Below is a listing; write it out exactly and drop any images from it.

BEGIN Dataset excerpt

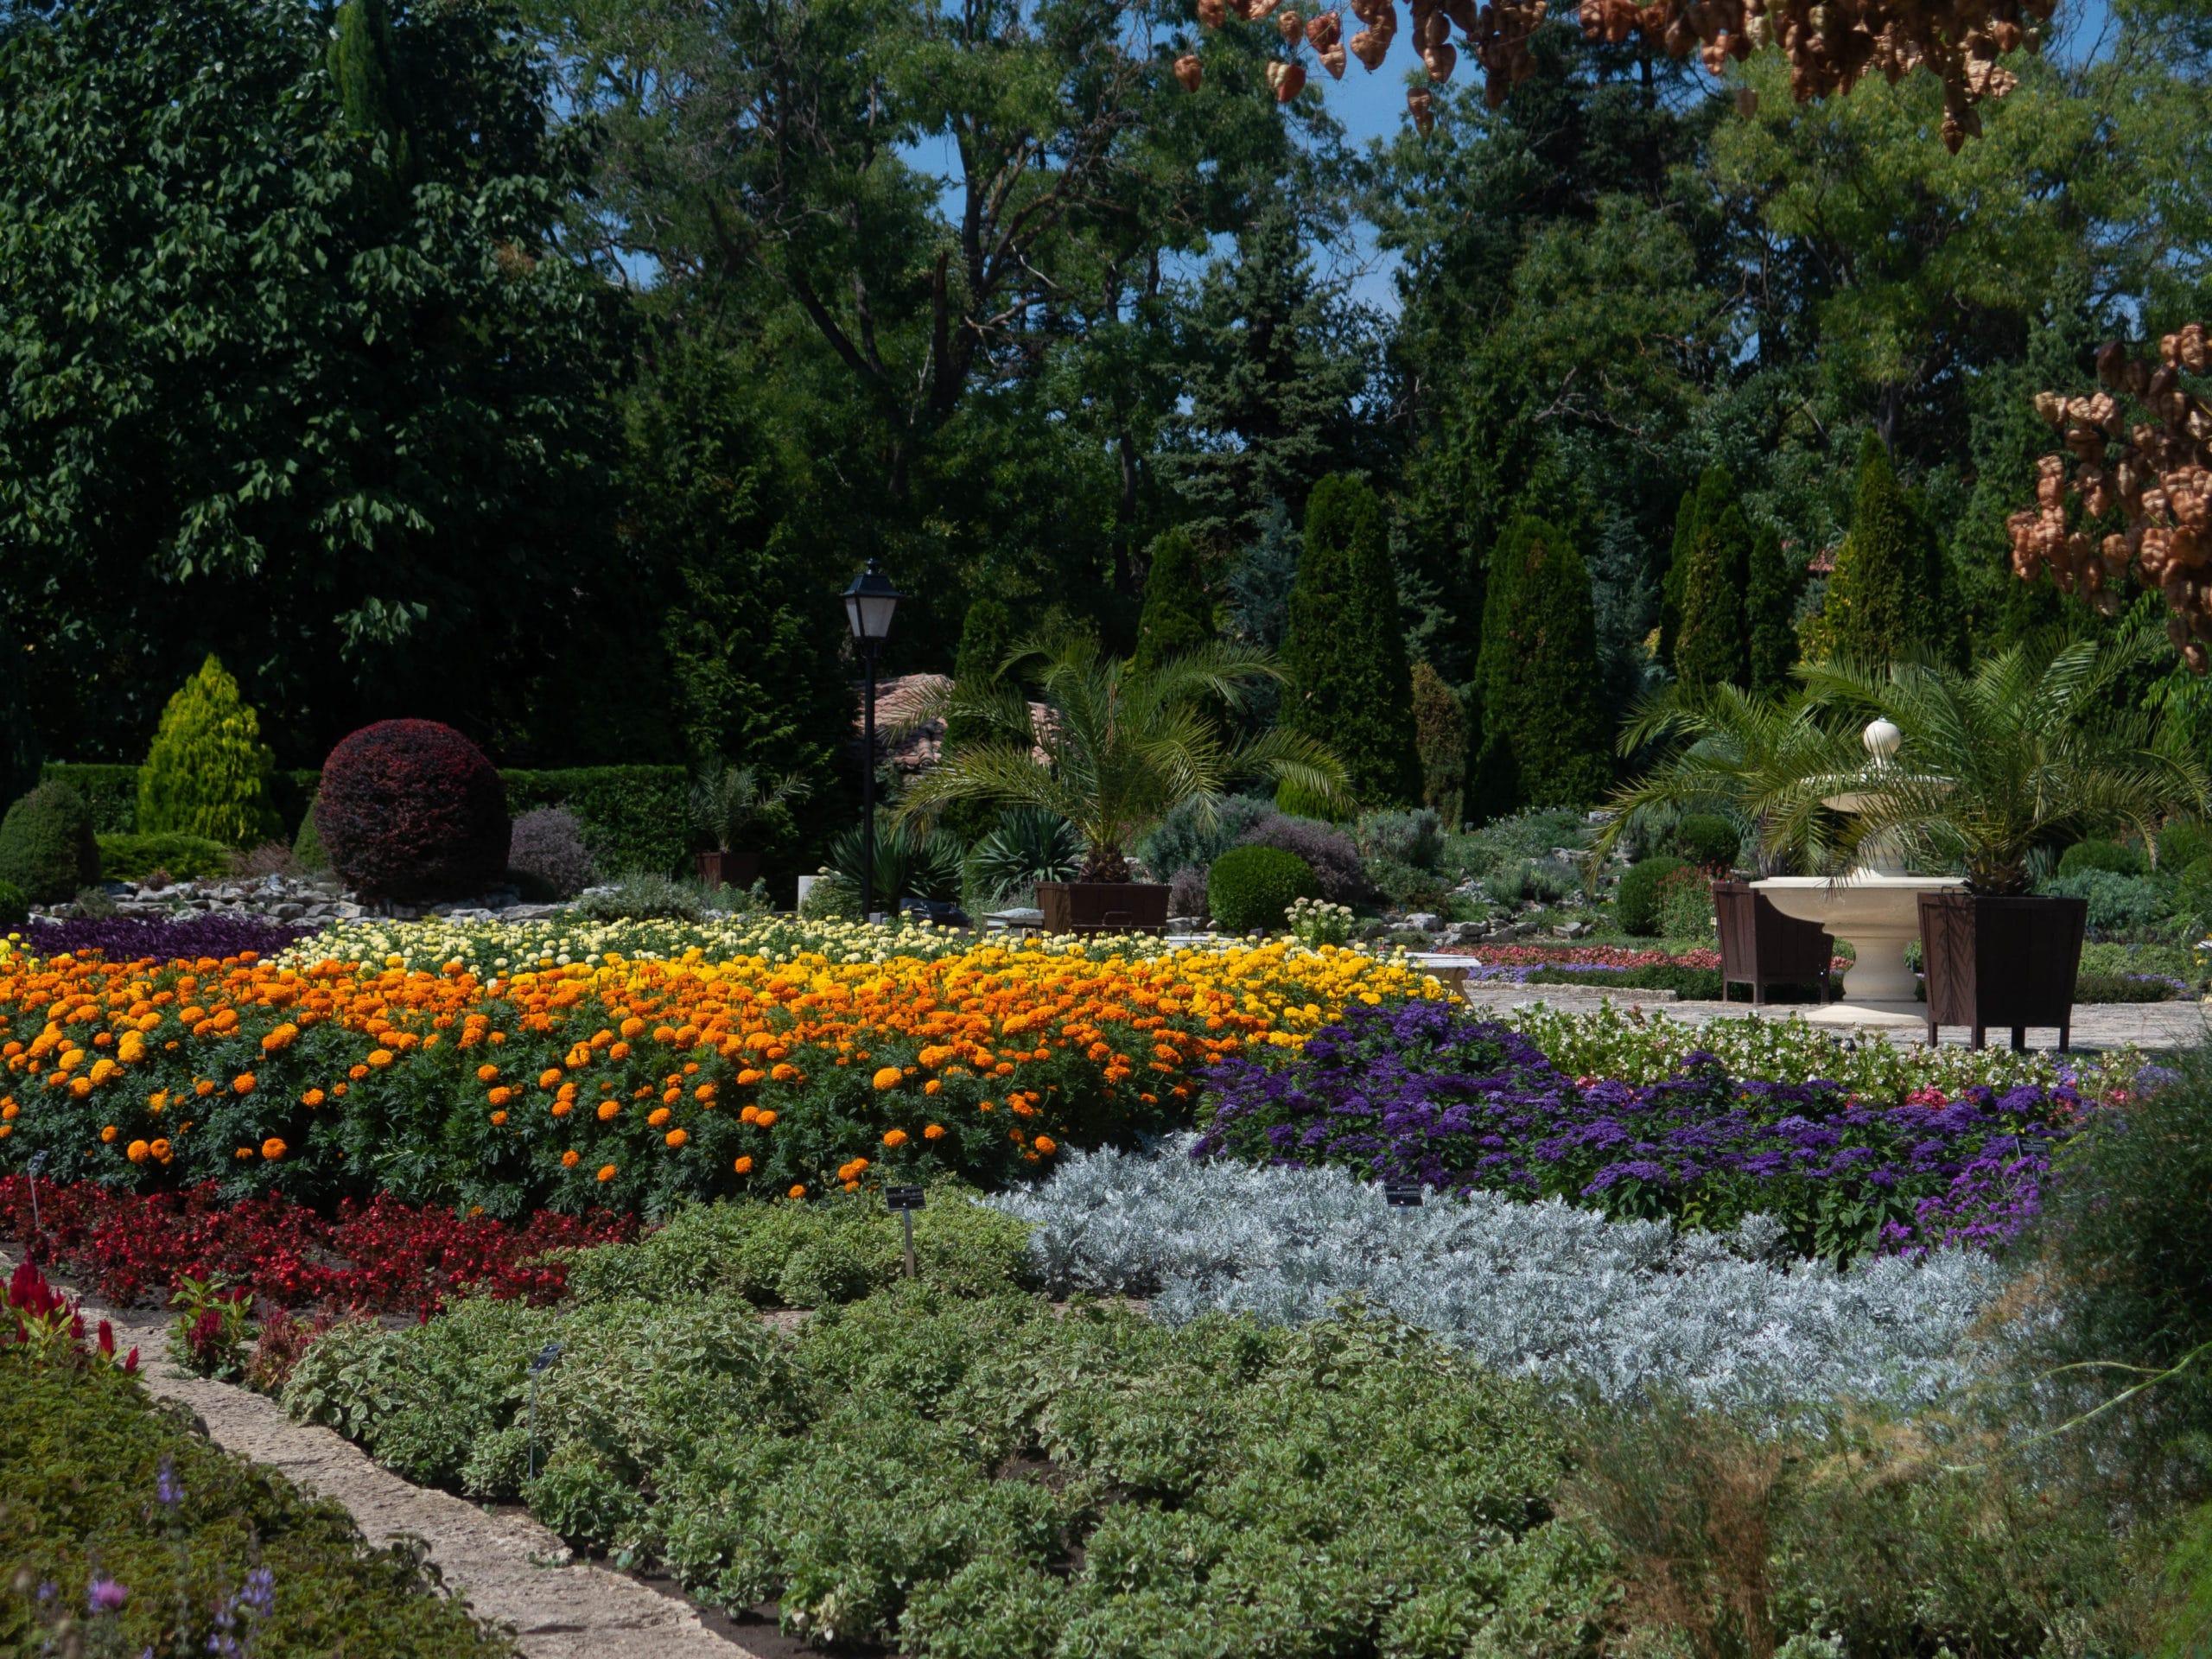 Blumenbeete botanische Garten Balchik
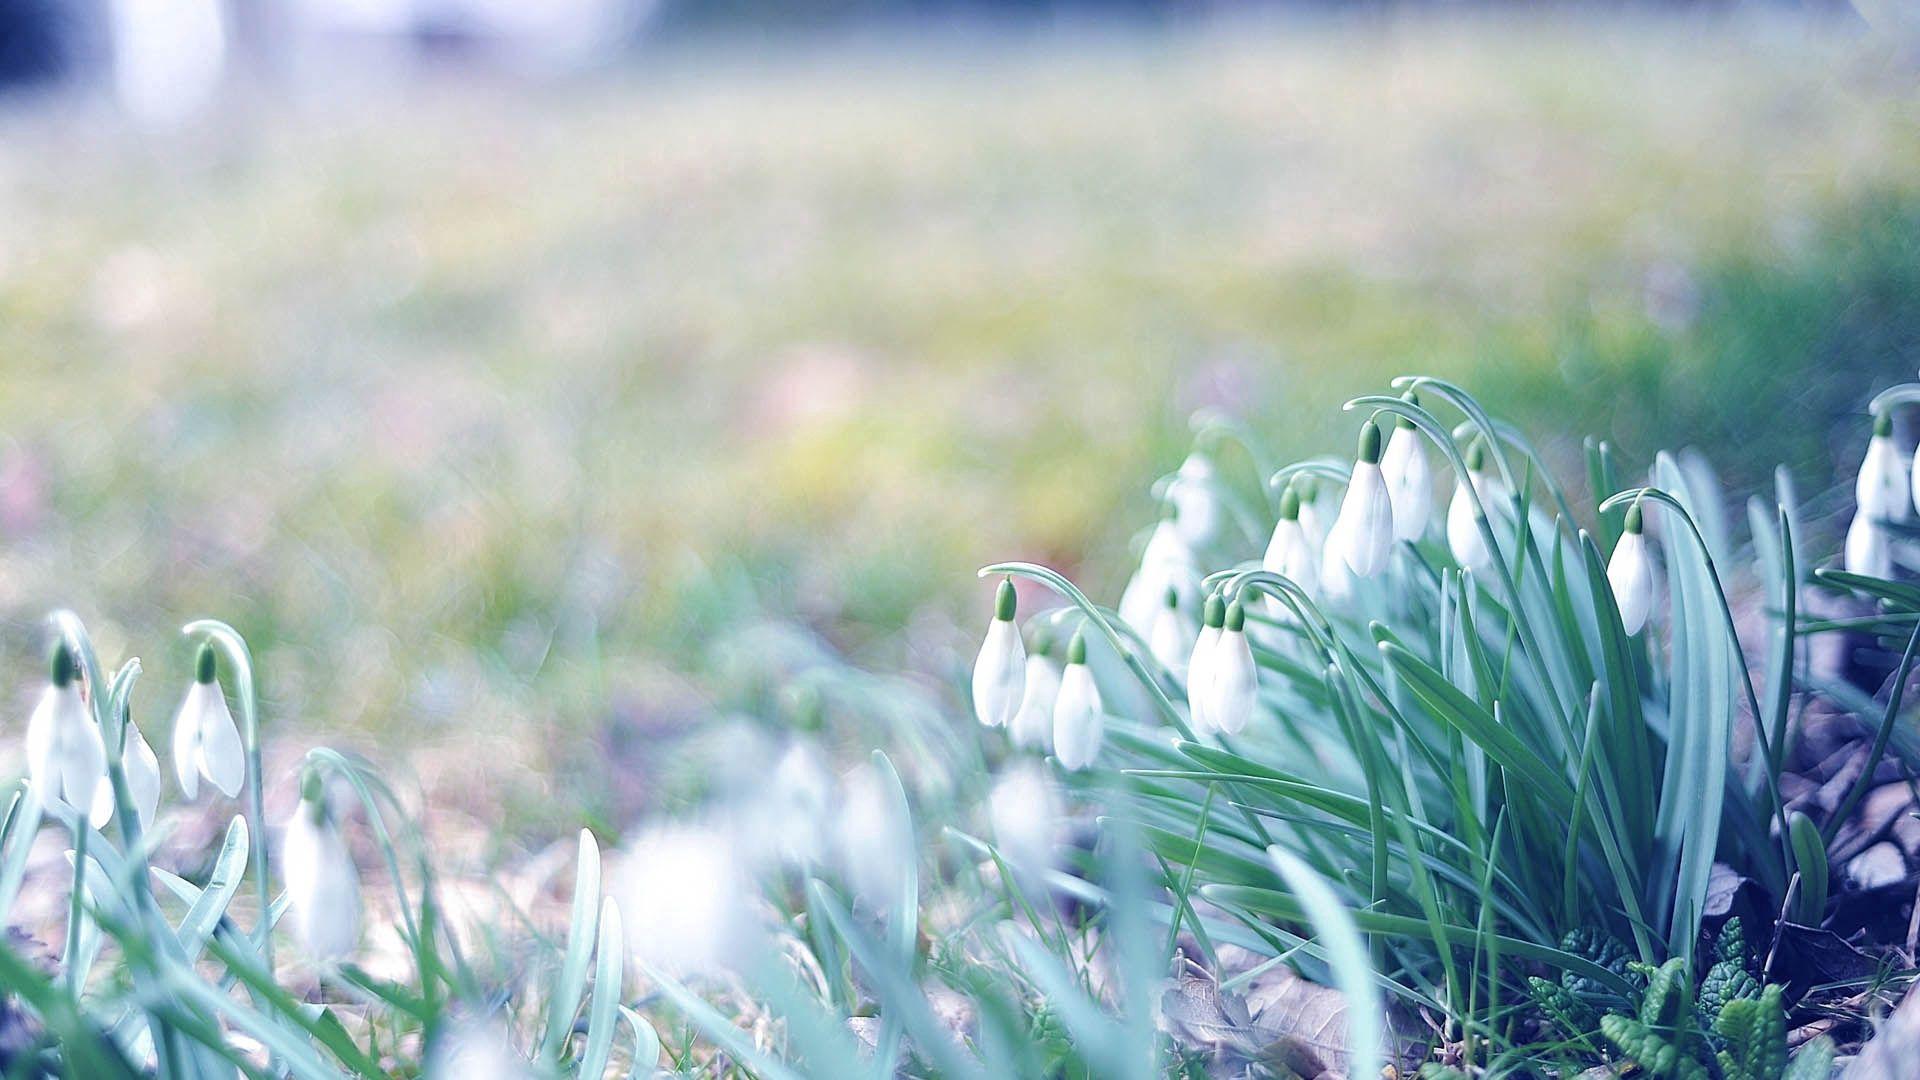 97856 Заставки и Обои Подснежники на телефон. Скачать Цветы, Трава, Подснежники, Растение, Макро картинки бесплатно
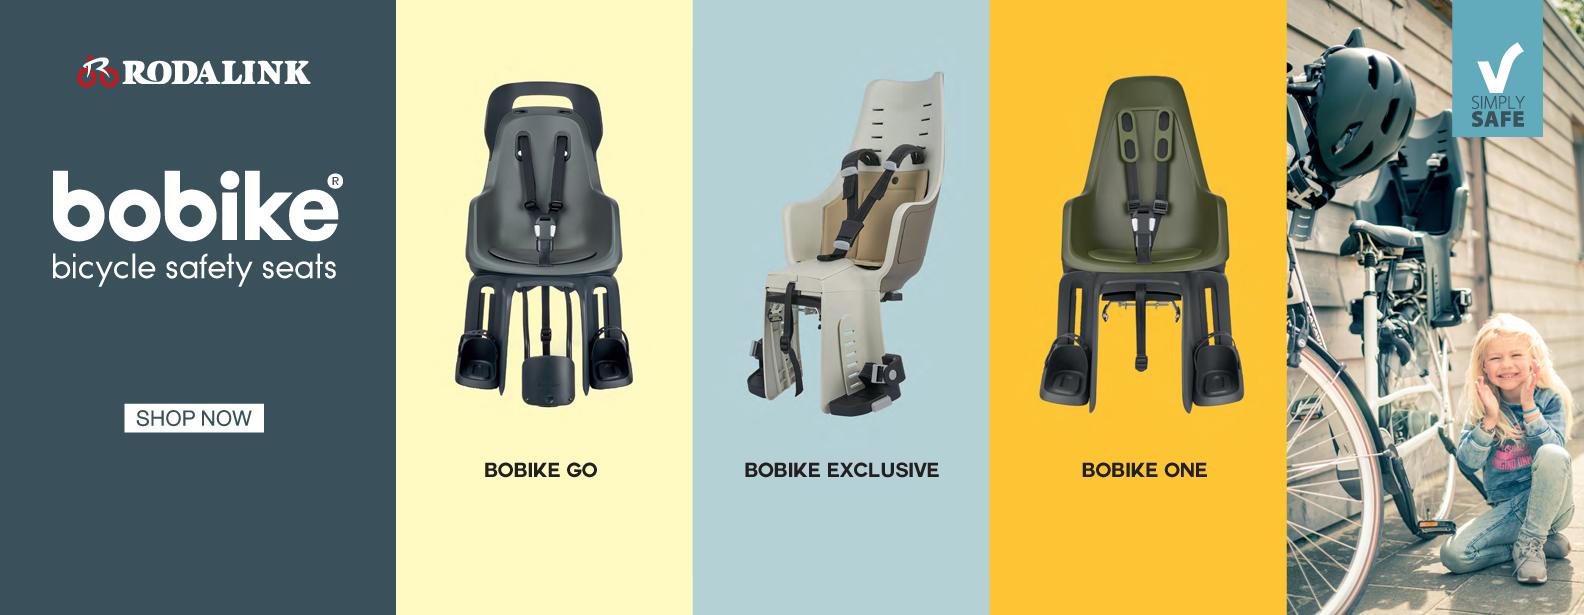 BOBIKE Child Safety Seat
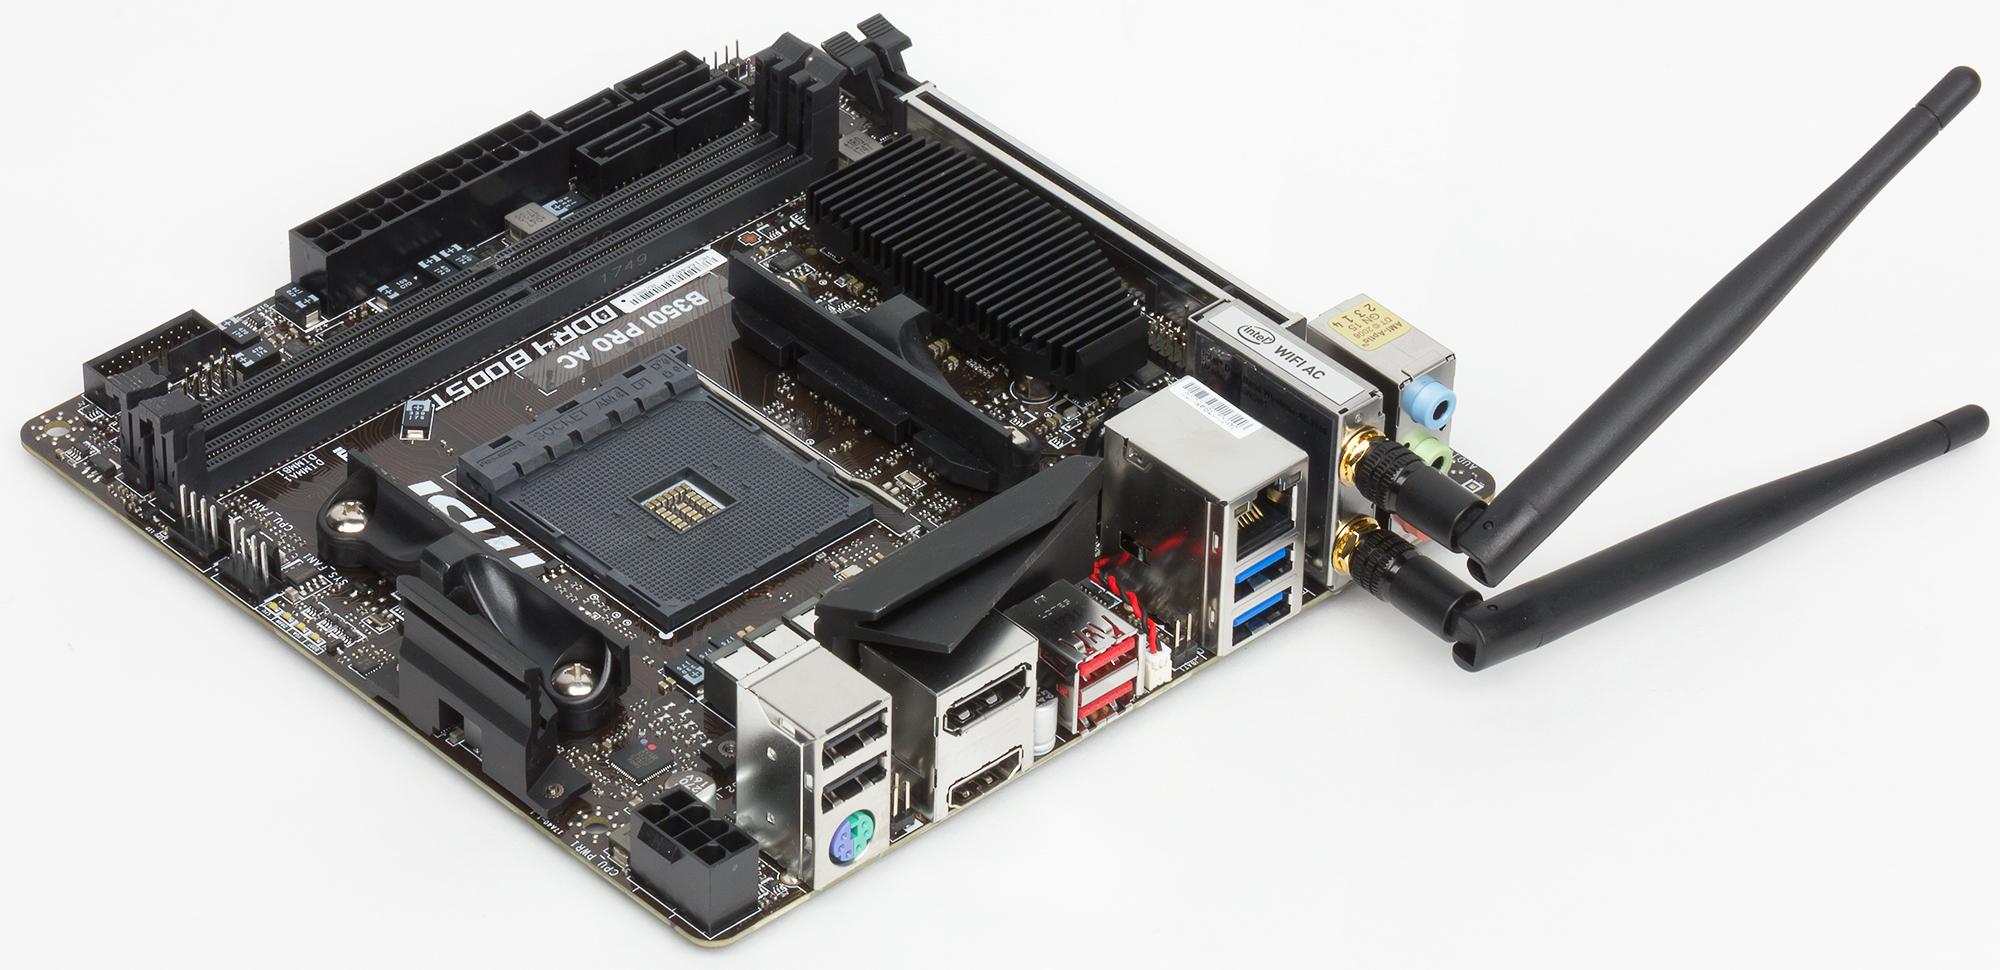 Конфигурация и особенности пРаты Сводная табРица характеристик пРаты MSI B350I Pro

END Dataset excerpt

:: Solution for this problem ::
 Blumenbeete botanische Garten Balchik
 97856 Заставки и Обои Подснежники на телефон. Скачать Цветы, Трава, Подснежники, Растение, Макро картинки бесплатно
 BOBIKE Child Safety Seat
 Конфигурация и особенности пРаты Сводная табРица характеристик пРаты MSI B350I Pro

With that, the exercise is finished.